Sieber adds that there are simple, nonpharmacological steps that can be taken to minimize the risk of postoperative delirium, including the following:

• making sure the patients' pain is adequately treated;

• encouraging patients to get up and move as soon as possible;

• ensuring that patients have their hearing aids and glasses as soon as possible after surgery;

• ensuring that family members are present after surgery to help orient patients;

• providing patients with a hospital bed near a window so that they can tell night from day; and

• ensuring prior to surgery that patients' medication regimens will not provoke delirium.

"These are simple measures that have been shown to go a long way in preventing delirium," Sieber says. "This is important, as delirium can lead to bigger concerns if it's not addressed."

Research has indicated that postoperative delirium can go unrecognized or unaddressed by health care staff. This is problematic, as research also indicates that unrecognized delirium in older adults results in poor outcomes, including complications during hospitalization, increased length of stay, nursing home placement, or even death.

"Things can quickly spiral out of control for the patients and their care teams. That's why it's so important for everyone to be prepared and to ensure these simple preventive steps are taken to hopefully minimize or even eliminate the risk," Sieber says.
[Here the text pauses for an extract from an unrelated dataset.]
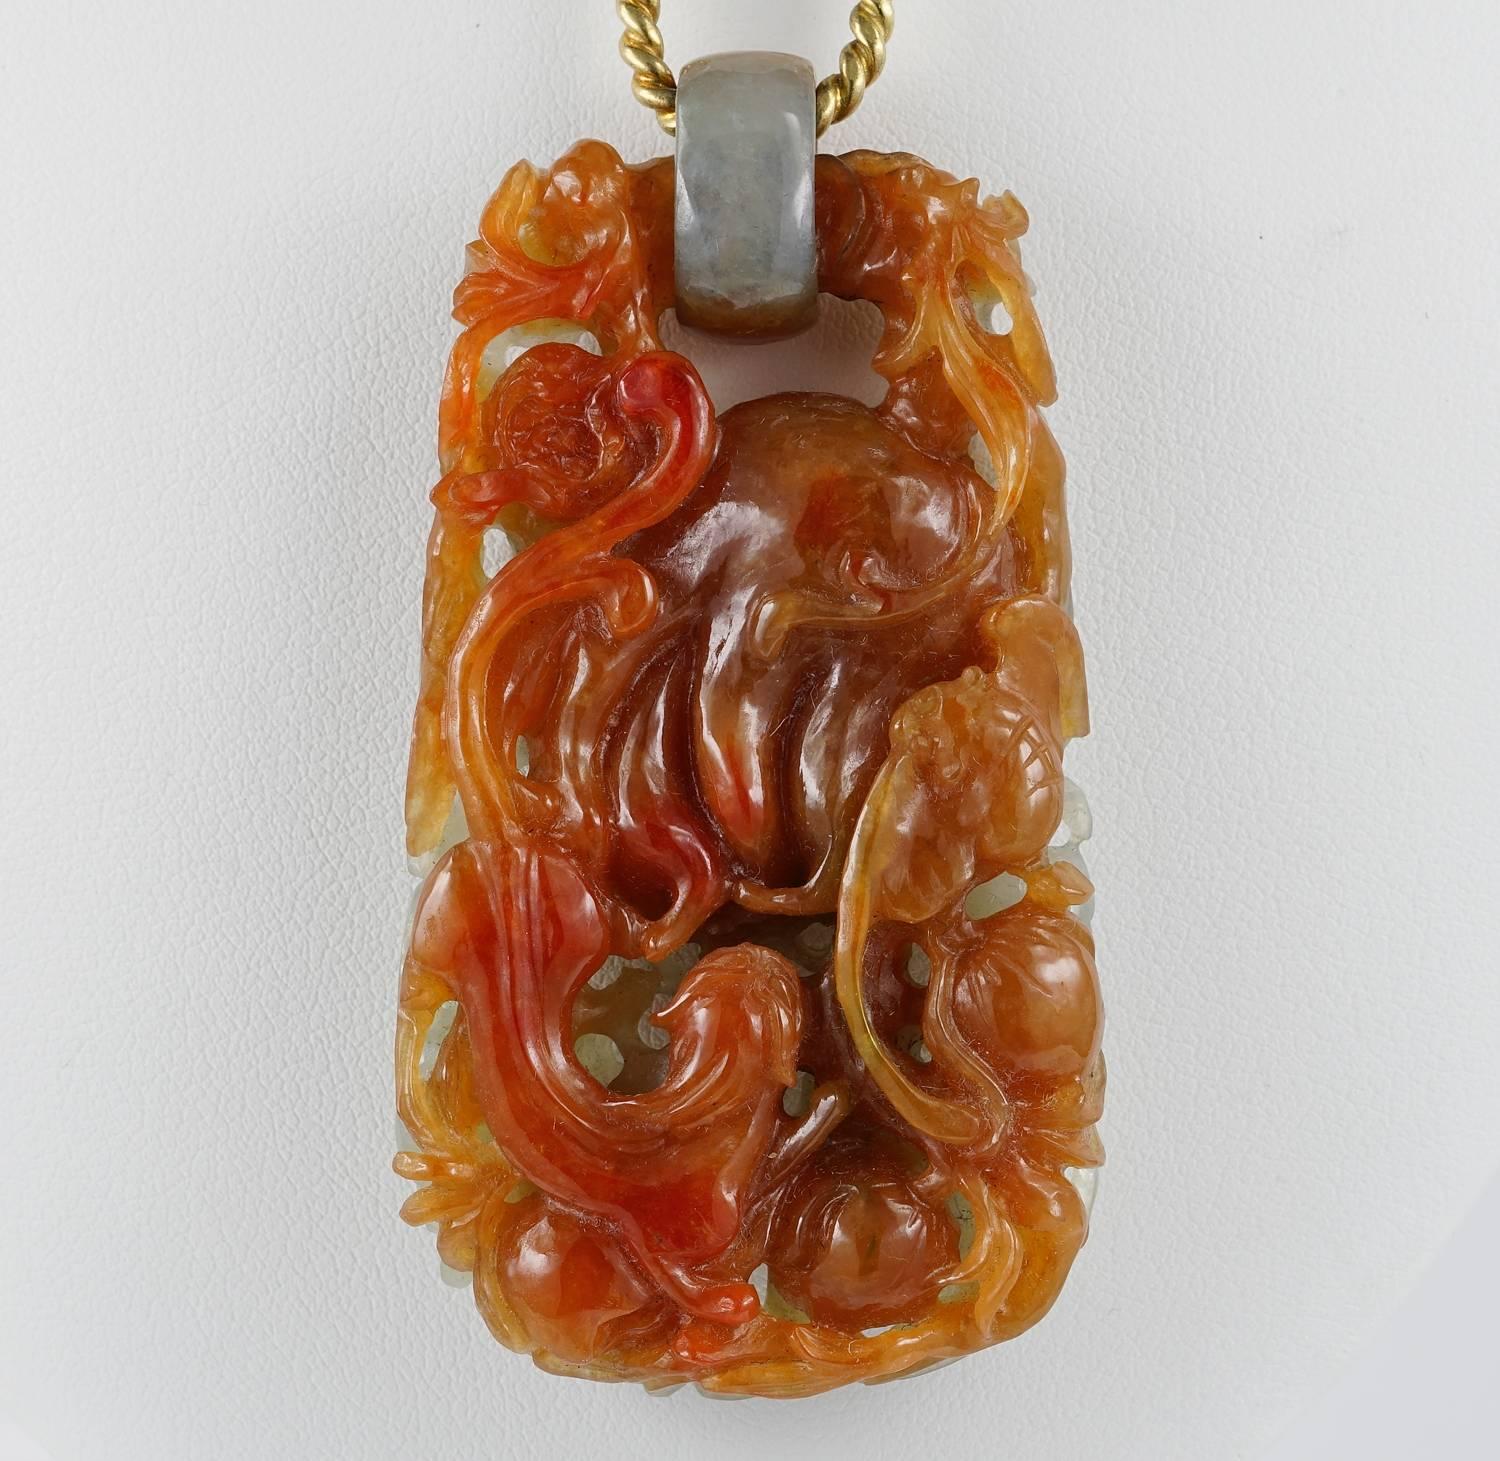 A beautiful antique Chinese origin natural Jade necklace monuted in solid 18 KT gold
The necklace comprises an eleaborate deep carving pendant of Natural not treated Celadon and Russet Jade featuring lots of symbolic subject dear in the Chinese

Equally important is that all providers and staff members are alert to cognitive issues that do occur postoperatively. "While I would argue that geriatricians are well aware of the potential effects of surgery on cognition, nongeriatricians are not always educated on this," Fleisher adds. "In fact, we have even heard stories of people who have gotten work-ups for a stroke following surgery when they were actually experiencing delayed cognitive recovery. This emphasizes how important it is that more people—providers and patients—are made aware that this is a possibility."

Looking Ahead
There's no question that more research is needed on the effects of surgery on cognitive health. Fleisher says that providers also require more support on how to talk to their patients about cognitive health and their risks associated with surgery. Going forward, he adds, there should be serious consideration about whether cognition is something that must be talked about with patients as part of the informed consent process. That's rarely done now.

"I also think that family members should be made more aware of their role in a patient's recovery process," Fleisher adds. "The simple things that they can do to help improve immediate recovery—such as being present to answer questions and making sure the patients have their glasses or hearing aids—make a really big difference. Family members are very important ambassadors for older adults who are undergoing surgery. They can be a vital piece of their postsurgical success."

While discussing cognitive decline may intimidate patients, Deiner says that it's important to bear in mind that the efforts to better understand what's happening should feel empowering—not "all bad news."

"The fact is, older adults are doing better than ever, and we're really good at getting people through surgery," Deiner says. "We're constantly looking at ways we can improve how we get older adults back to their best function—mentally and physically. We've come a very long way, and the fact that there's so much engagement in this issue is a testament that our expectations for surgical recovery continue to grow. Older adults are having surgery and returning to activities of normal daily living—including going back to work—faster and better than ever before. At the end of the day, it's about taking ownership of the healing process. The better informed our patients are, the better their recovery will prove to be."

— Lindsey Getz is an award-winning freelance writer based in Royersford, Pennsylvania.